Chibuzo Nwoko

Personal information
- Full name: Chibuzo Udo Nwoko Junior
- Date of birth: 5 December 2005 (age 20)
- Place of birth: England
- Height: 1.83 m (6 ft 0 in)
- Position: Midfielder

Team information
- Current team: Fulham
- Number: 34

Youth career
- Fulham

Senior career*
- Years: Team / Apps / (Gls)
- 2026–: Fulham / 0 / (0)
- 2026–: → Forest Green Rovers (loan) / 20 / (1)

International career
- 2023: England U18 / 3 / (0)

= Chibuzo Nwoko =

Nigerian footballer (born 2005)

Chibuzo Udo Nwoko Junior (born 5 December 2005) is a professional footballer who plays as a midfielder for Fulham.
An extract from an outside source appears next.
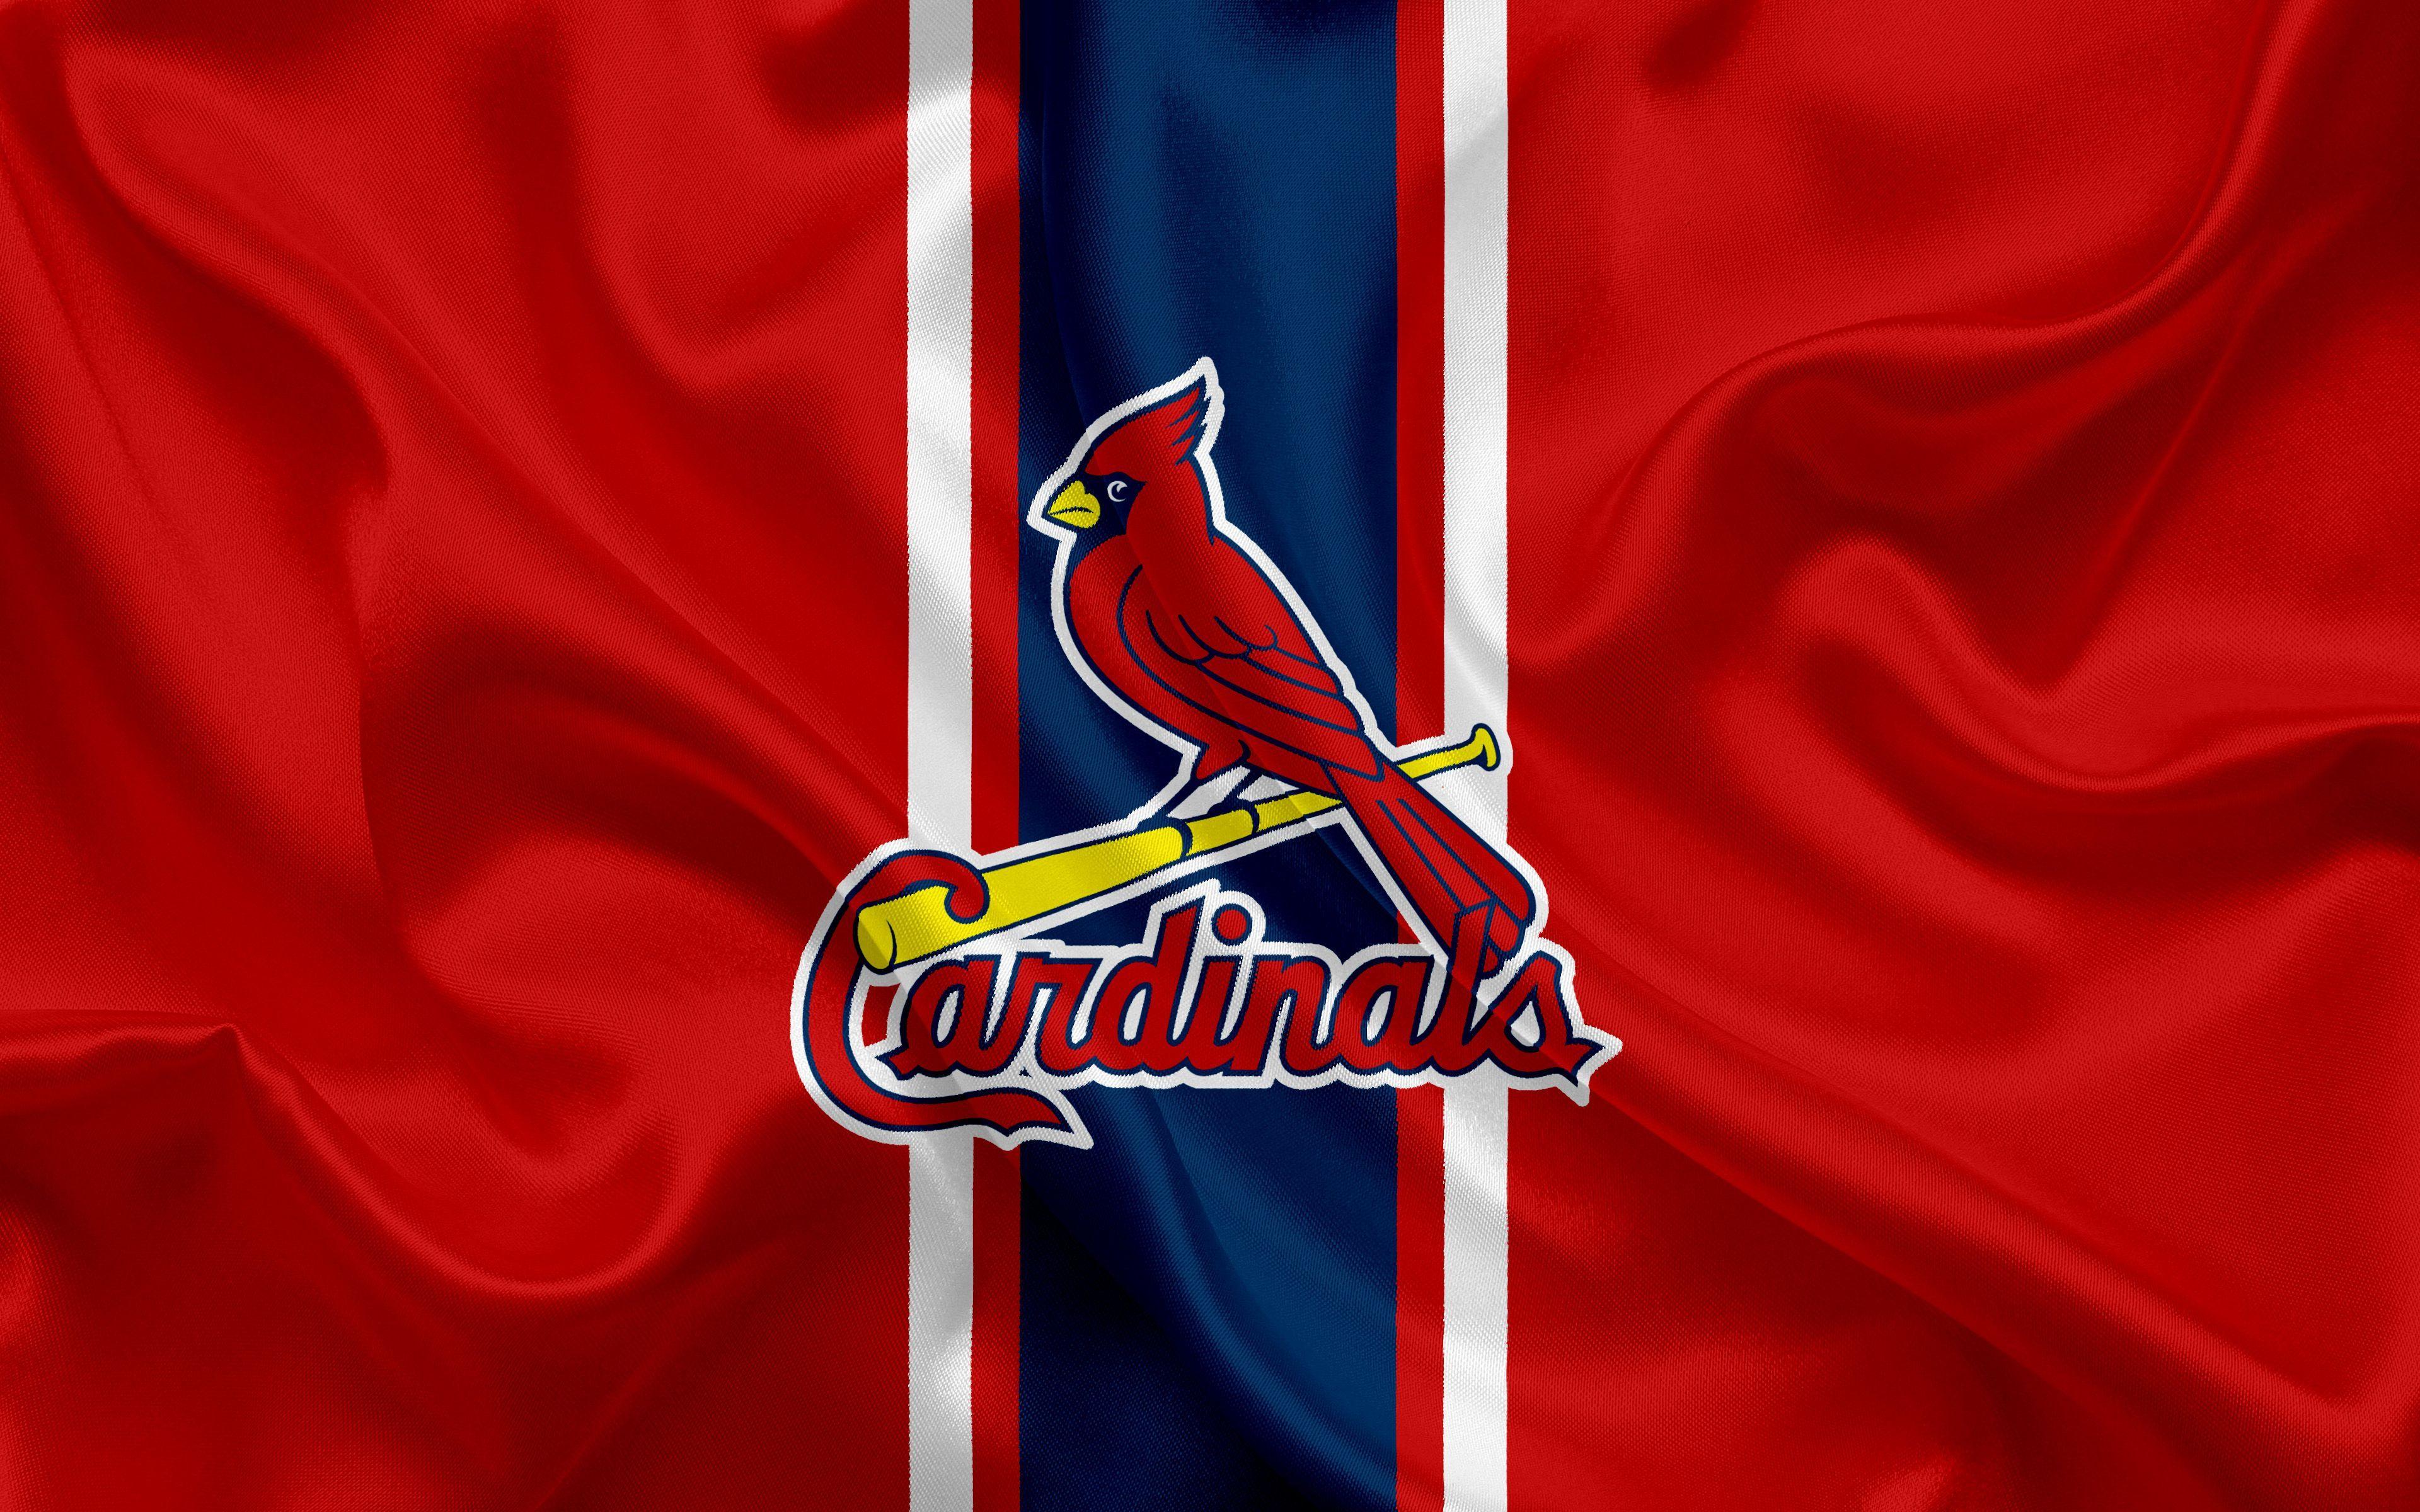 Filename Logo Mlb Baseball St Louis Cardinals Wallpaper And Background Reso In 2020 Cardinals Wallpaper St Louis Cardinals Baseball Baseball Wallpaper

Born in England, he has represented England internationally at youth level and has been called up to represent Nigeria internationally.

==Early life==
Nwoko was born on 5 December 2005. Born in England, he is of Nigerian descent through his father.

==Club career==
As a youth player, Nwoko joined the youth academy of English Premier League side Fulham at under-12 level and was promoted to the club's under-21 team ahead of the 2024–25 season.

Subsequently, he was sent on loan to English outfit Forest Green Rovers in 2026, where he made twenty league appearances and scored one goal. On 10 January 2026, he debuted for the club during a 2–0 away win over Ebbsfleet United in the FA Trophy.<//ref> The same year, he was promoted to the Cottagers senior team. On 27 August 2026, he debuted for them during a 3–0 home win over AFC Wimbledon in the EFL Cup.

==International career==
Nwoko is an England youth international and has represented the country internationally at under-18 level. On 9 June 2023, he debuted for the England national under-18 football team during a 2–2 away draw with the Norway national under-18 football team.

Altogether he made three appearances and scored zero goals while playing for the England national under-18 football team. During September 2026, he was first called up to the Nigeria national football team for 2027 Africa Cup of Nations qualification.

==Style of play==
Nwoko plays as a midfielder and is left-footed. Nigerian news website Afrik-Foot wrote in 2026 "with the capacity to play as a six, eight or 10... [he] can sit in front of the defence, operate as a central midfielder or move higher into an attacking midfield role... his passing range can help... build attacks from deeper areas, while his ability to break up play gives him defensive value".